WASHINGTON – The showdown between North Korea's Kim Jong Un and President Donald Trump has once again raised the specter of nuclear annihilation.
That has done wonders for the bomb-shelter industry.
Sales and inquiries have spiked, according to several of the U.S. companies that make money from doomsday fears.
"The increase in demand is everywhere. We are getting hundreds of calls," said Ron Hubbard, president of Atlas Survival Shelters, based in Montebello, Calif. Hubbard said he expects to have a banner year, selling 1,000 shelters at an average price of $25,000 each.
Bomb shelters are a cyclical industry, booming during crises and waning during periods of peace and predictability. Trump's "fire and fury" threat, after news about North Korea's nuclear weapons advancement, has helped boost sales, and not just in the United States.
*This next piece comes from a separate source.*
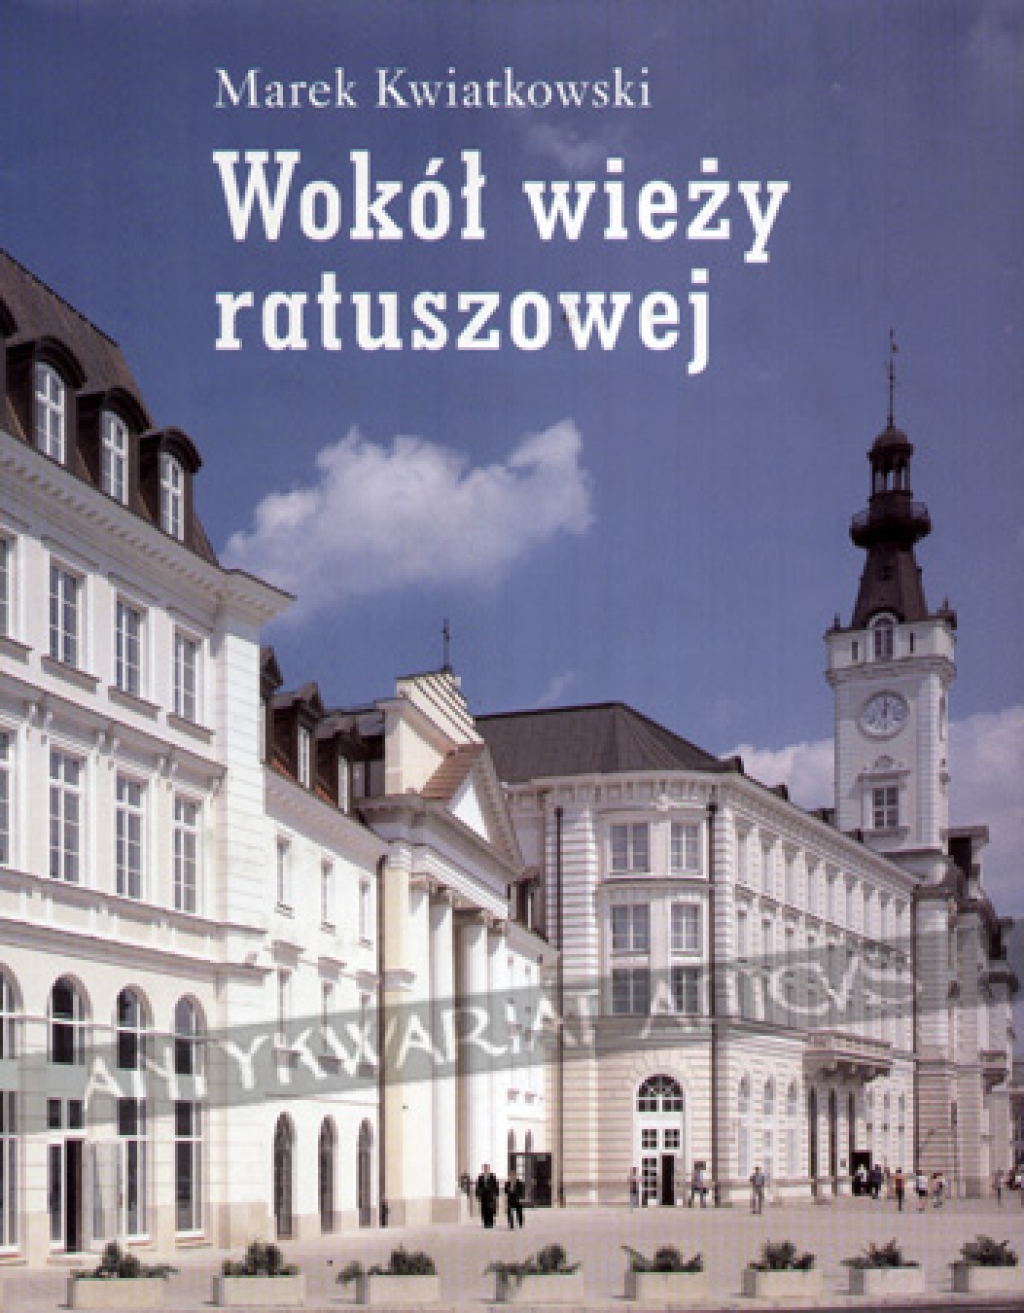 Wokół wieży ratuszowej [Warszawa]

Hubbard reports there is intensified demand in Japan, where he has opened a sales office in Osaka. He's also opening a 400,000-square-foot plant in Dallas, largely to serve the Japanese market.
"We are back in the 1960s again," said Hubbard, referring to the Cold War demand for bomb shelters. "We've got a crazy man on one side and Donald Trump on the other."
Gary Lynch, general manager of Rising S Shelters in Murchison, Texas, has also seen a rise in demand for his products, both in Japan and here. "It is all due to the rhetoric on what is going on in North Korea," said Lynch, who said he has sold 67 bomb shelters internationally this year, mostly to Japan, compared with just nine for all of 2016.